> **SUPPLIED DATA**
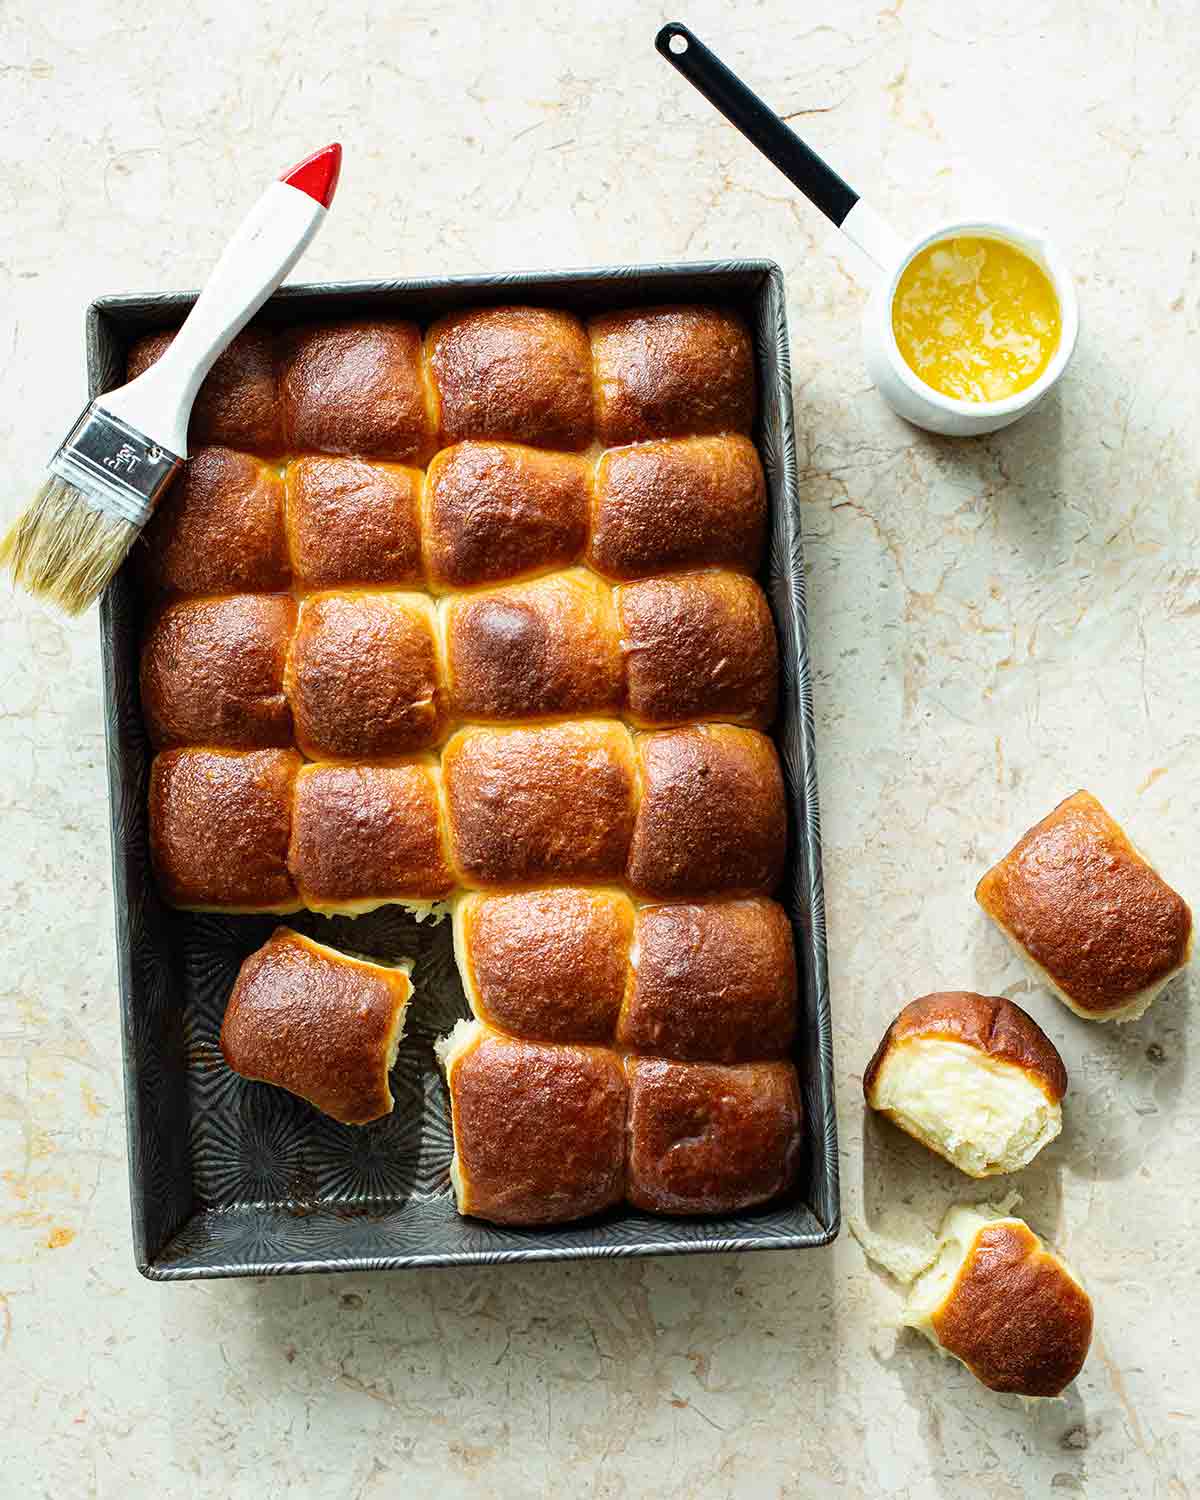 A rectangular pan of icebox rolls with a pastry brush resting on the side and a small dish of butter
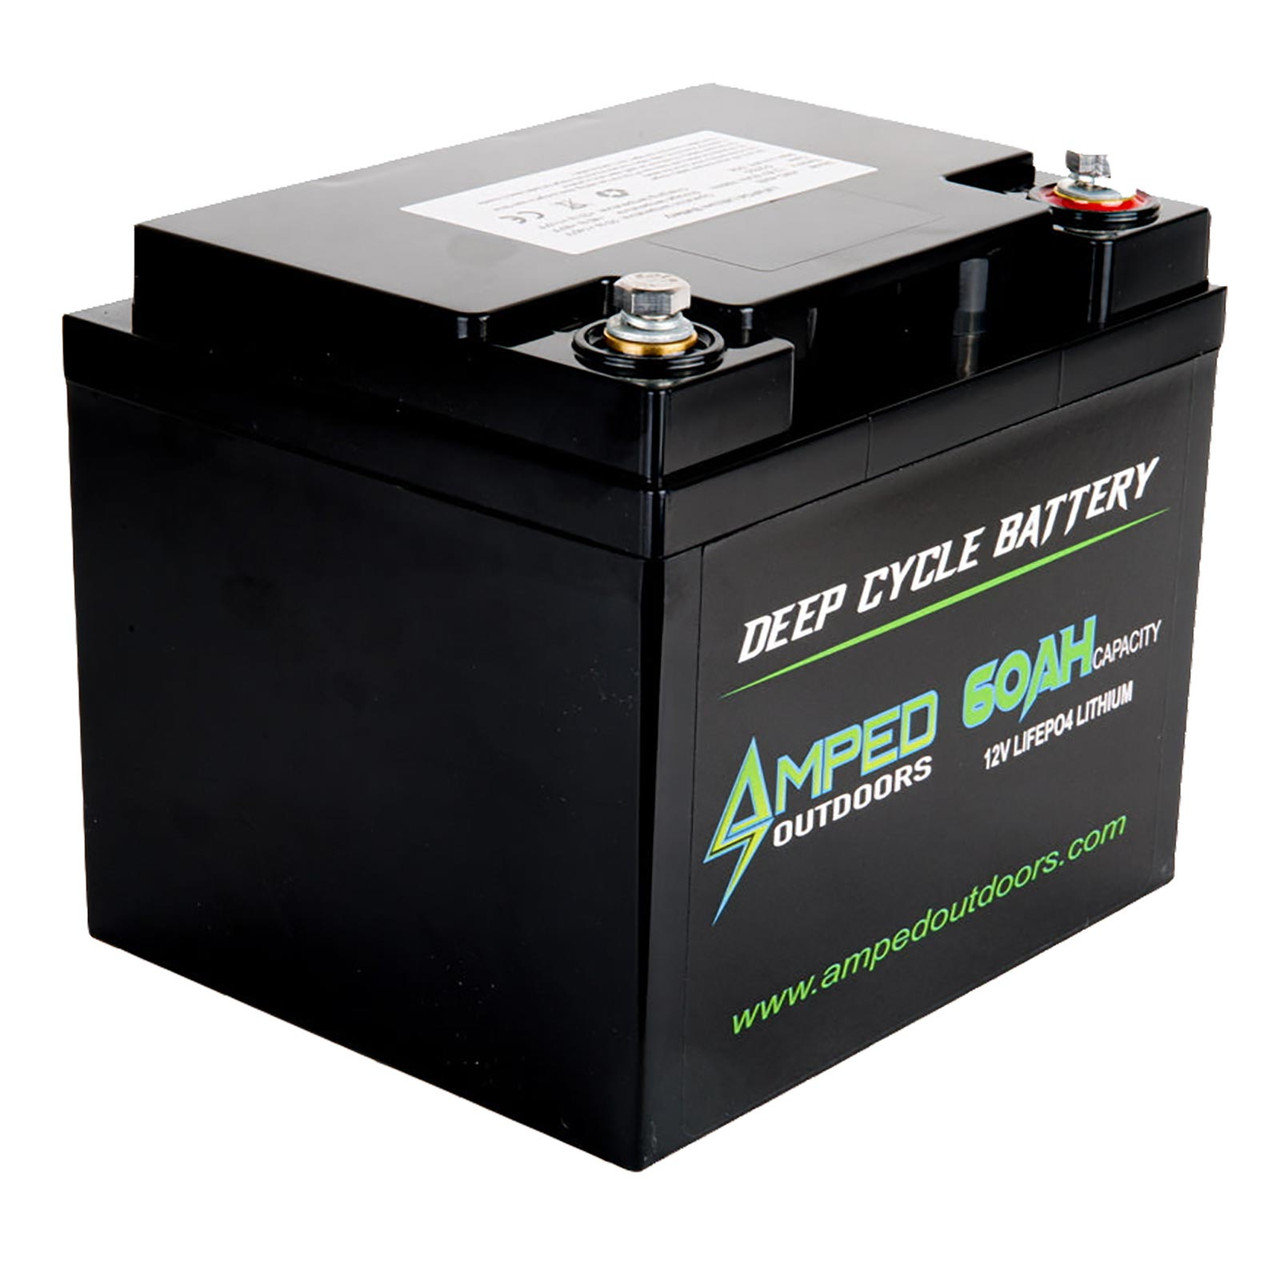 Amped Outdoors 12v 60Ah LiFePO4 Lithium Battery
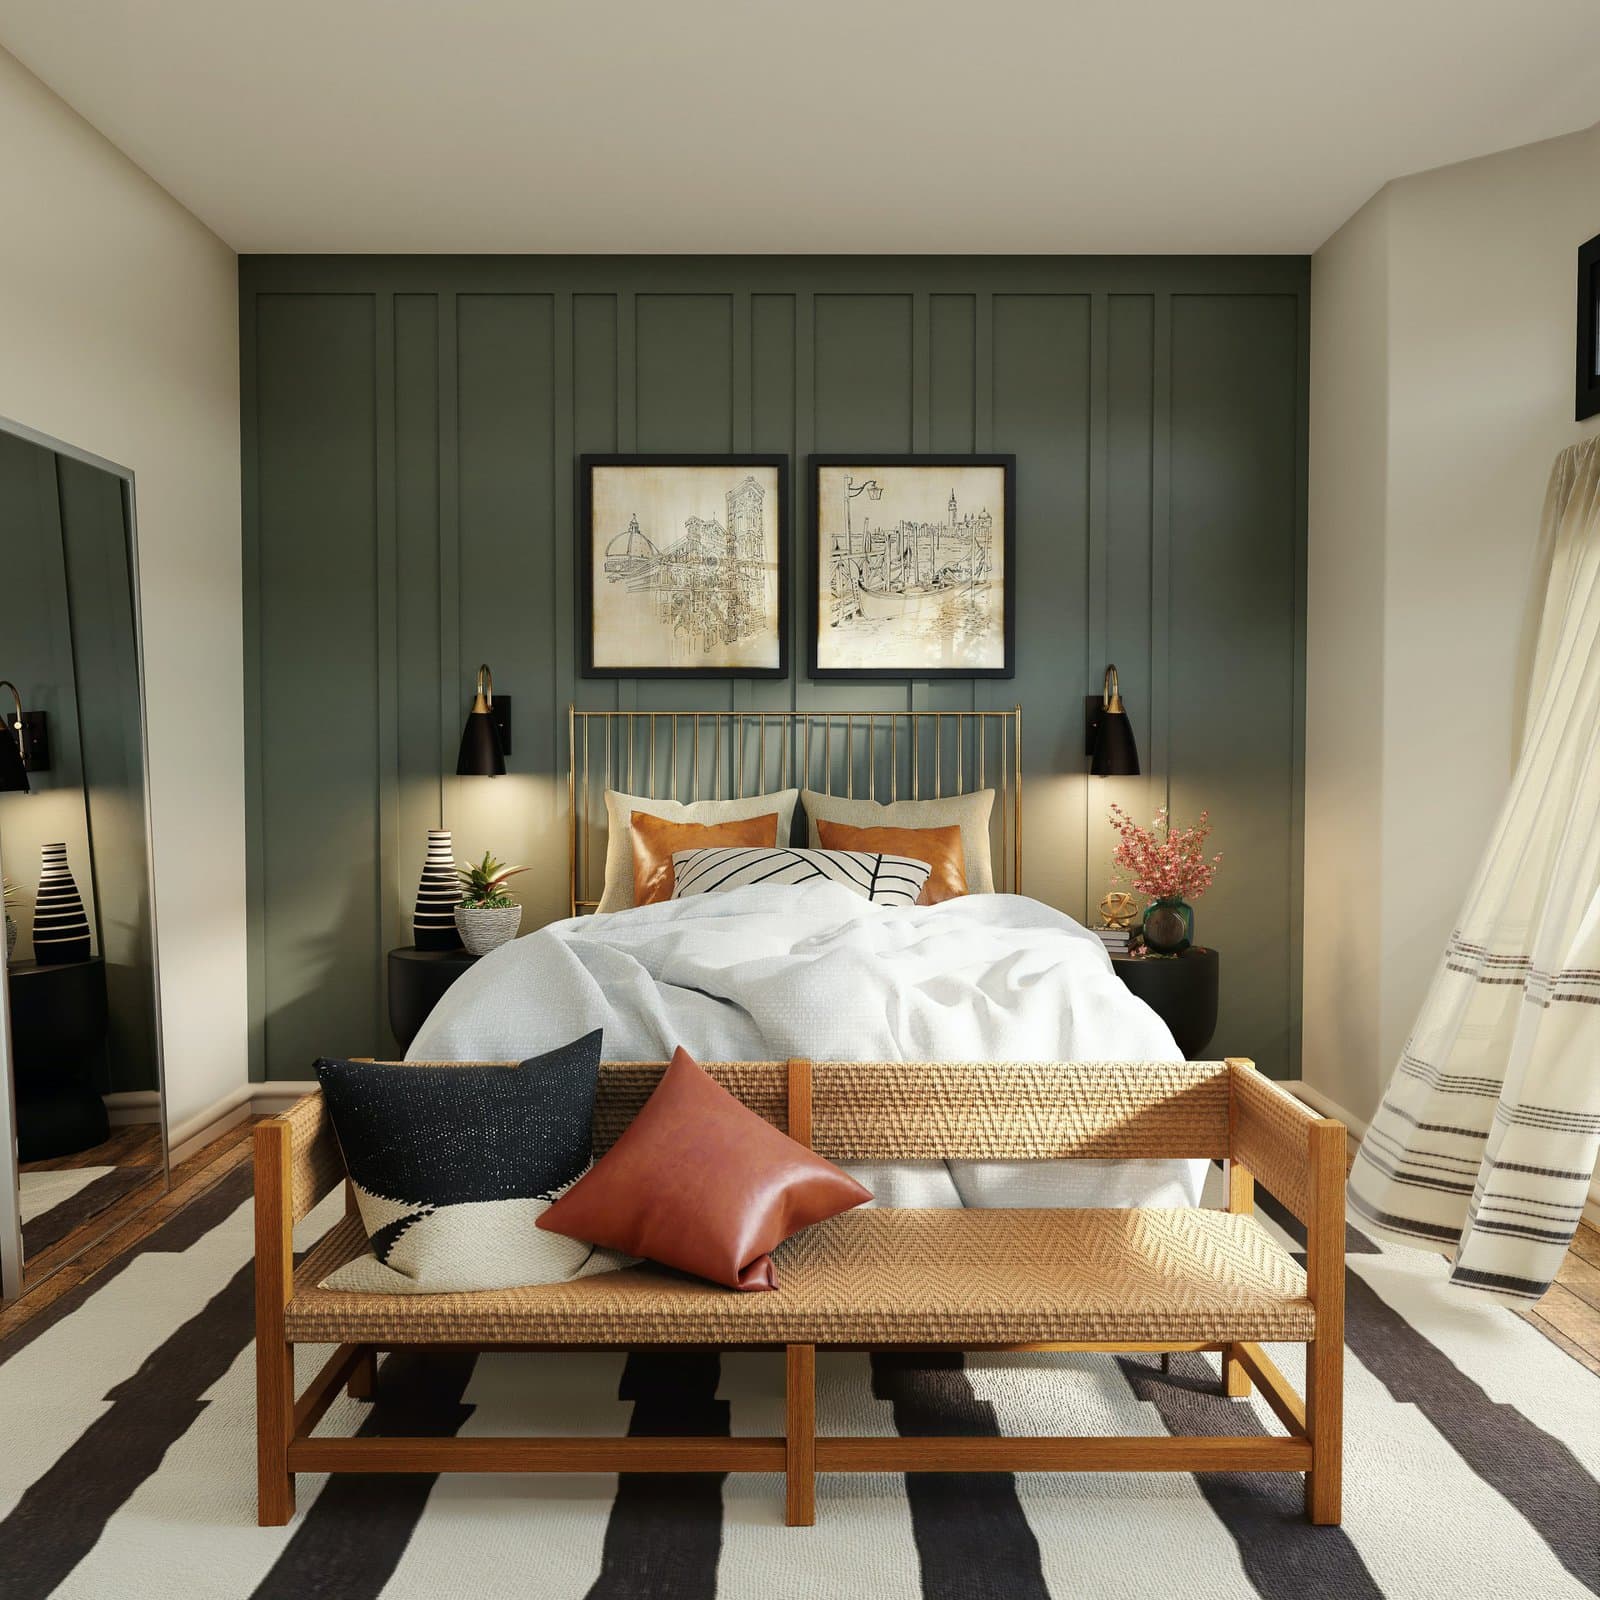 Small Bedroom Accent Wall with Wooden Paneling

> **YOUR ASSIGNMENT**
In this exercise, set down all of the data exactly, without the pictures.

> **EXPECTED OUTPUT**
 A rectangular pan of icebox rolls with a pastry brush resting on the side and a small dish of butter
 Amped Outdoors 12v 60Ah LiFePO4 Lithium Battery
 Small Bedroom Accent Wall with Wooden Paneling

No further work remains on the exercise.